• **What the task asks**: Since pictures are not wanted, repeat only the text of the records, word for word.

• **Given information**:

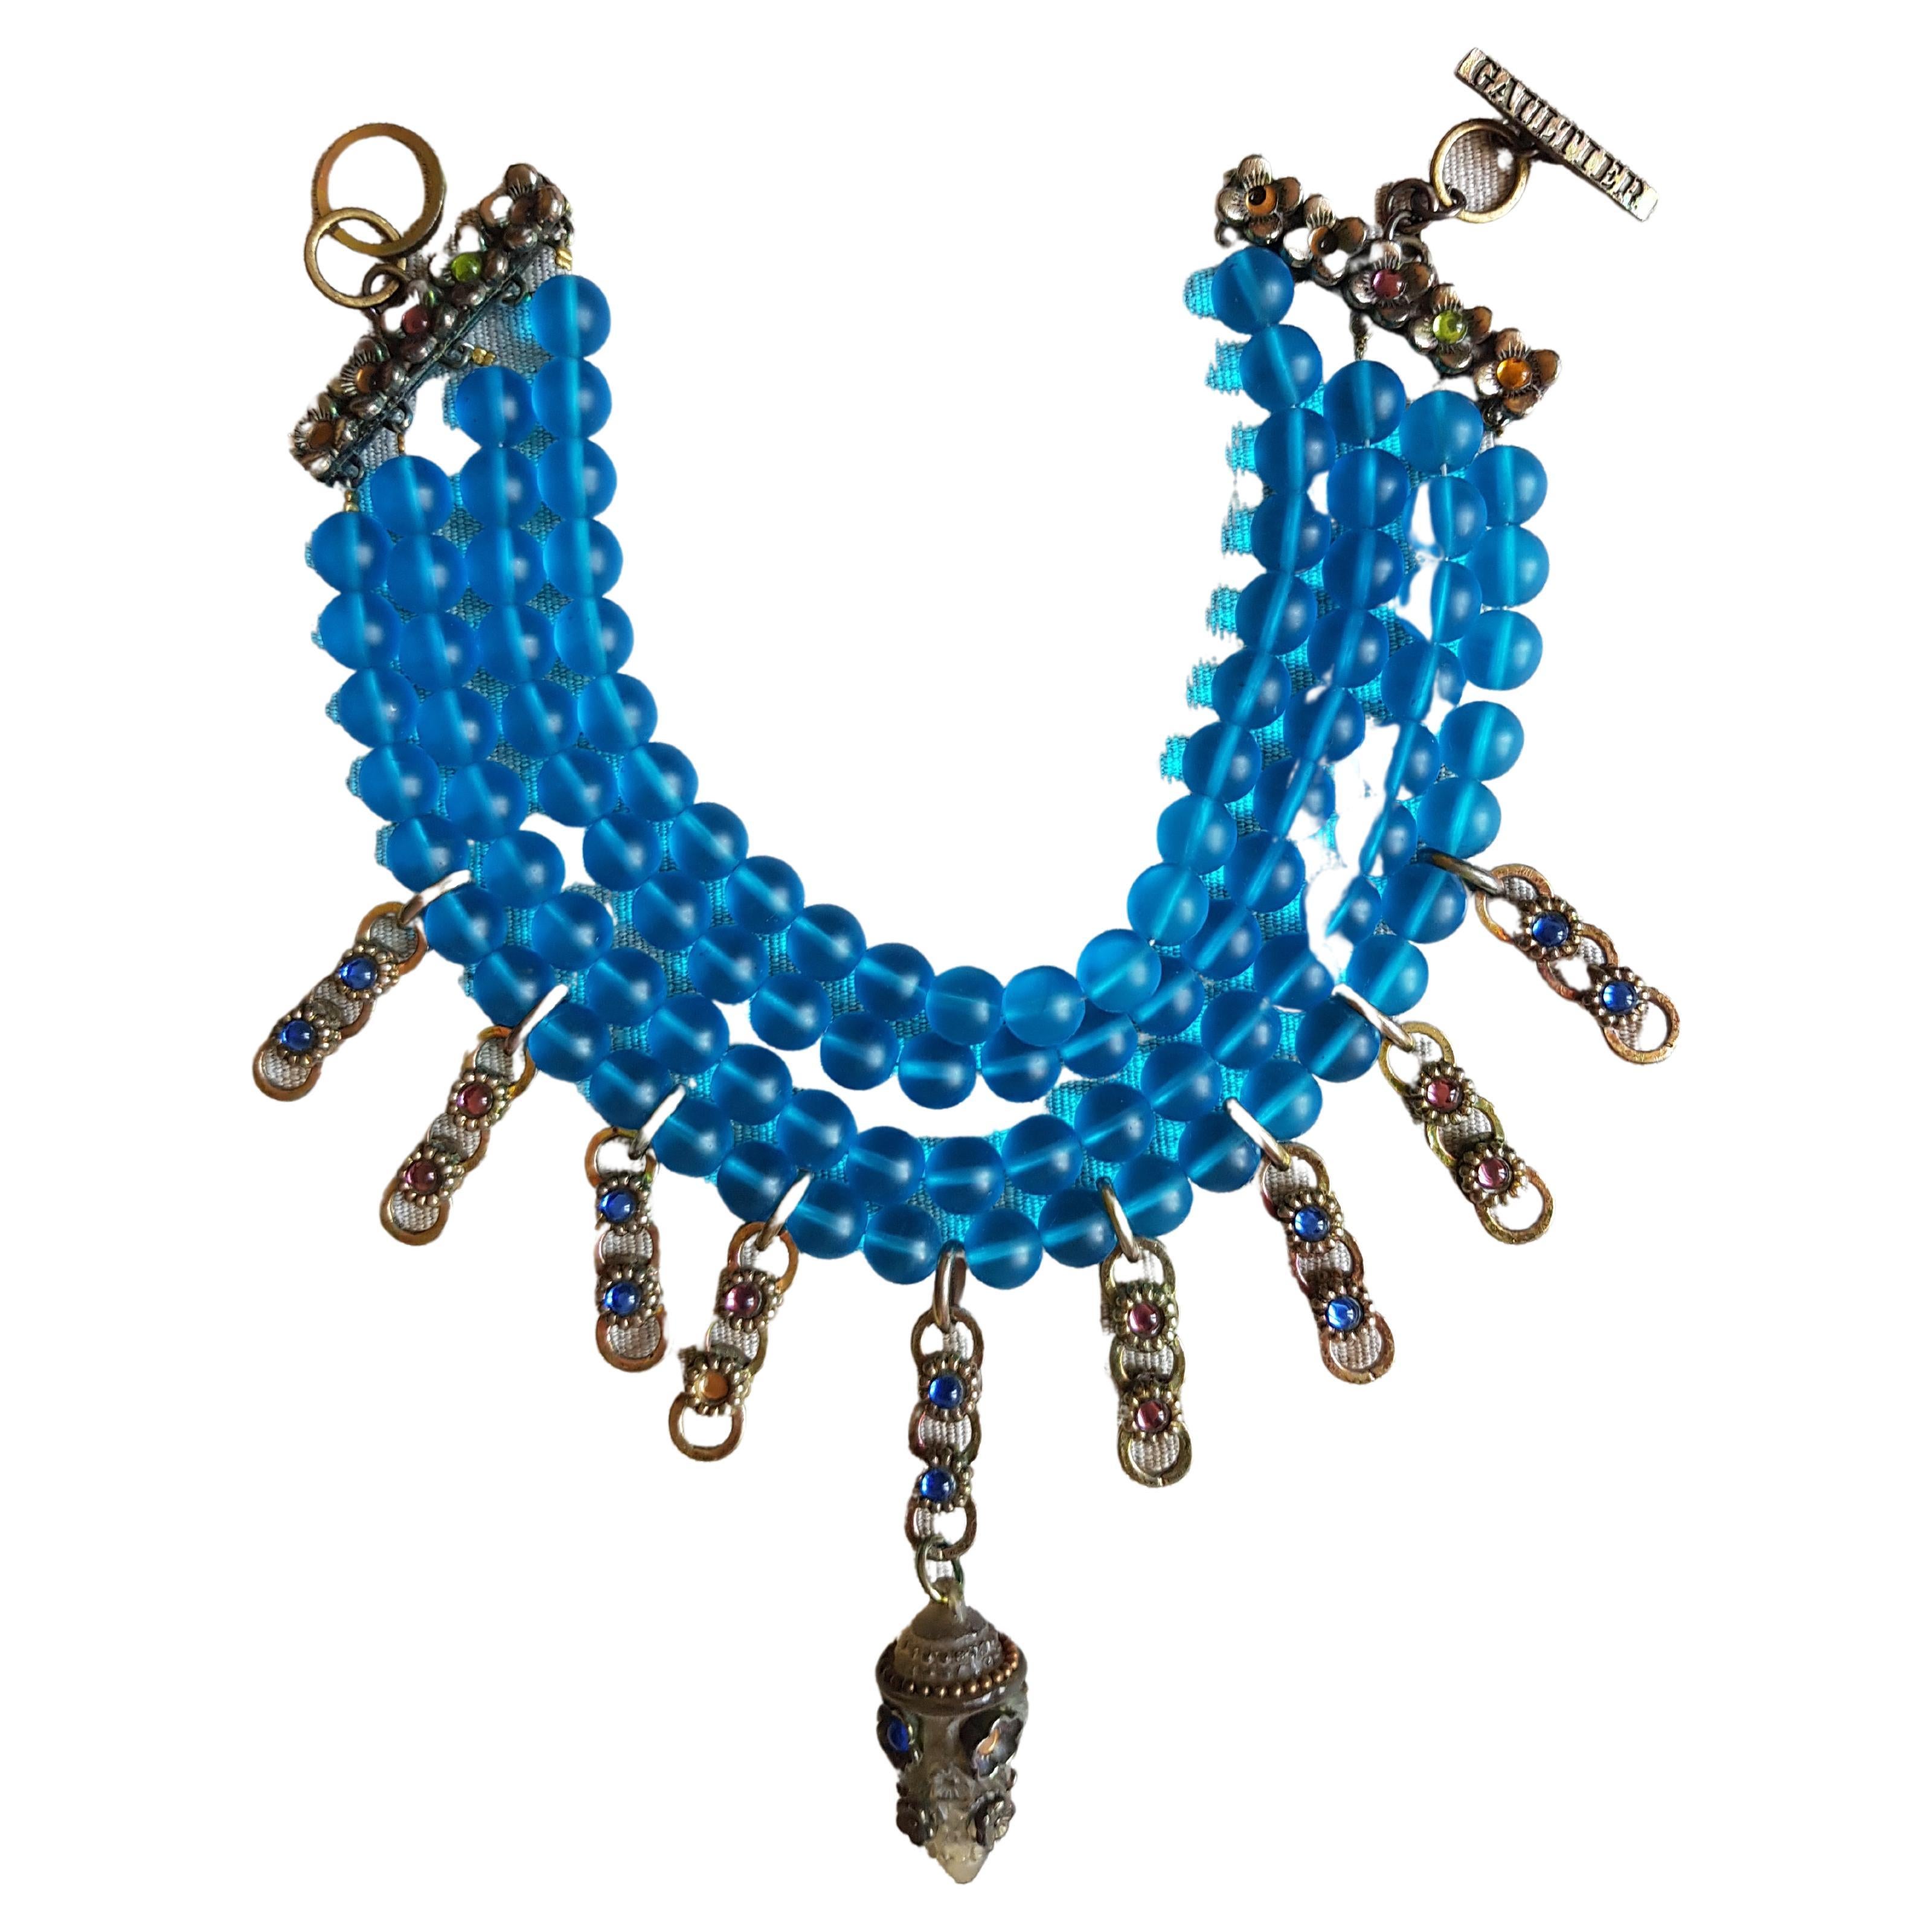 Punk beaded necklace choker by Jean Paul Gaultier most famous and iconic SS 1994 collection, worn by Rossy de Palma on runway.
- Turquoise frosted glass beads
- Gradual multi row
- Hooks and closing ring
- Signature Jean Paul Gaultier
- SS 1994
-
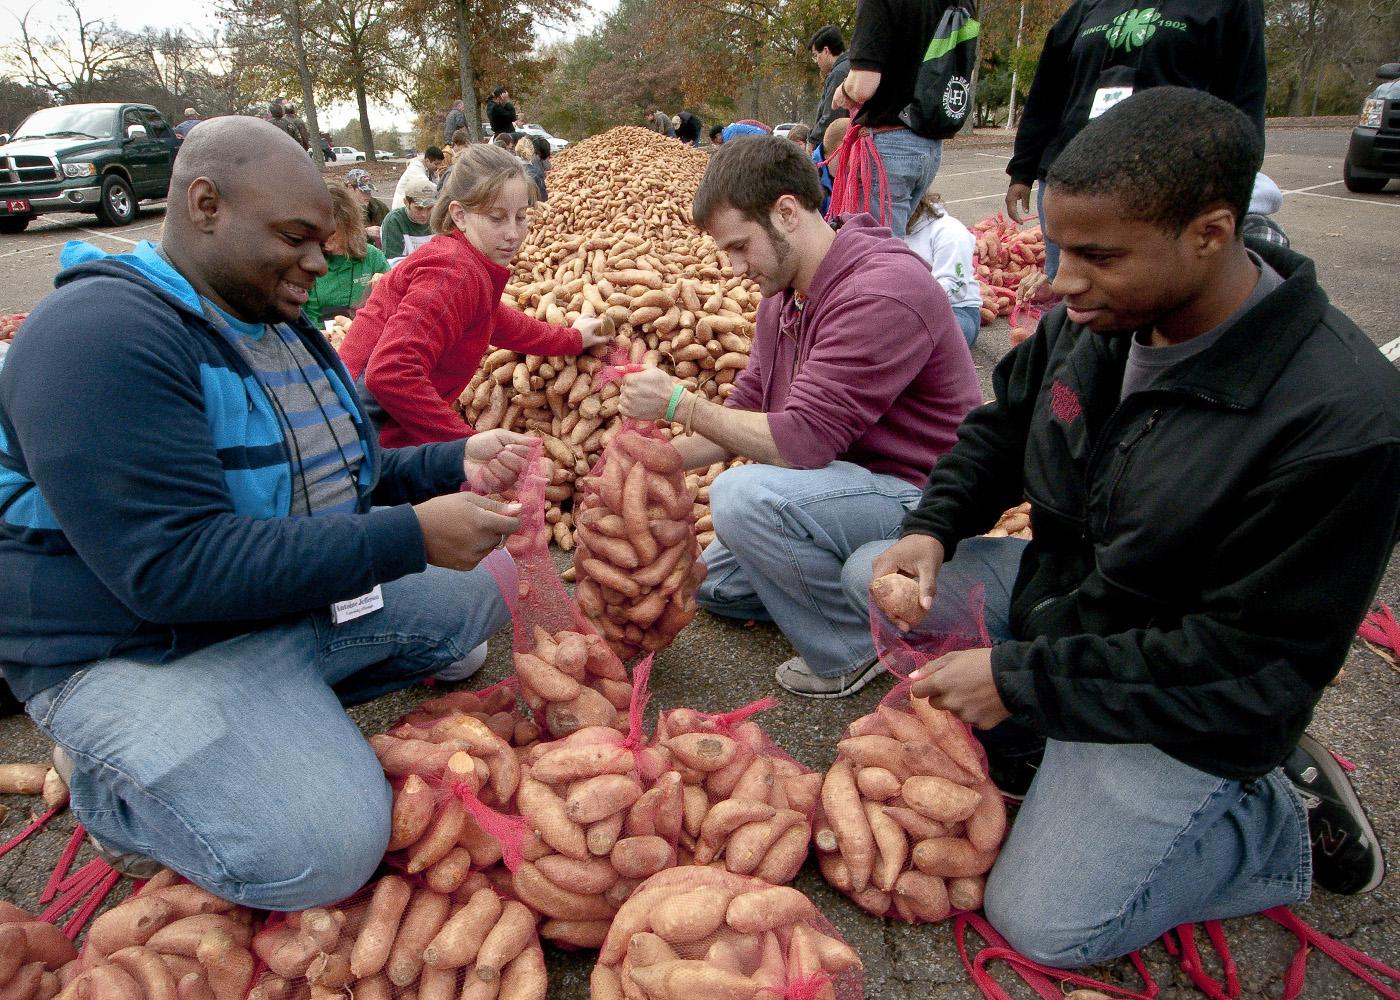 Bagging sweet potatoes as part of a service project at the annual meeting of southeastern Collegiate 4-H chapters at Mississippi State University are, from left, Antoine Jefferson, of the University of Georgia, Melanie Skaggs of Oklahoma State University, Sam Zarovy of Georgia Institute of Technology and Jonathan Jackson of Mississippi State University. (Photo by Scott Corey)

• **Response to this task**:
 Punk beaded necklace choker by Jean Paul Gaultier most famous and iconic SS 1994 collection, worn by Rossy de Palma on runway.
- Turquoise frosted glass beads
- Gradual multi row
- Hooks and closing ring
- Signature Jean Paul Gaultier
- SS 1994
-
 Bagging sweet potatoes as part of a service project at the annual meeting of southeastern Collegiate 4-H chapters at Mississippi State University are, from left, Antoine Jefferson, of the University of Georgia, Melanie Skaggs of Oklahoma State University, Sam Zarovy of Georgia Institute of Technology and Jonathan Jackson of Mississippi State University. (Photo by Scott Corey)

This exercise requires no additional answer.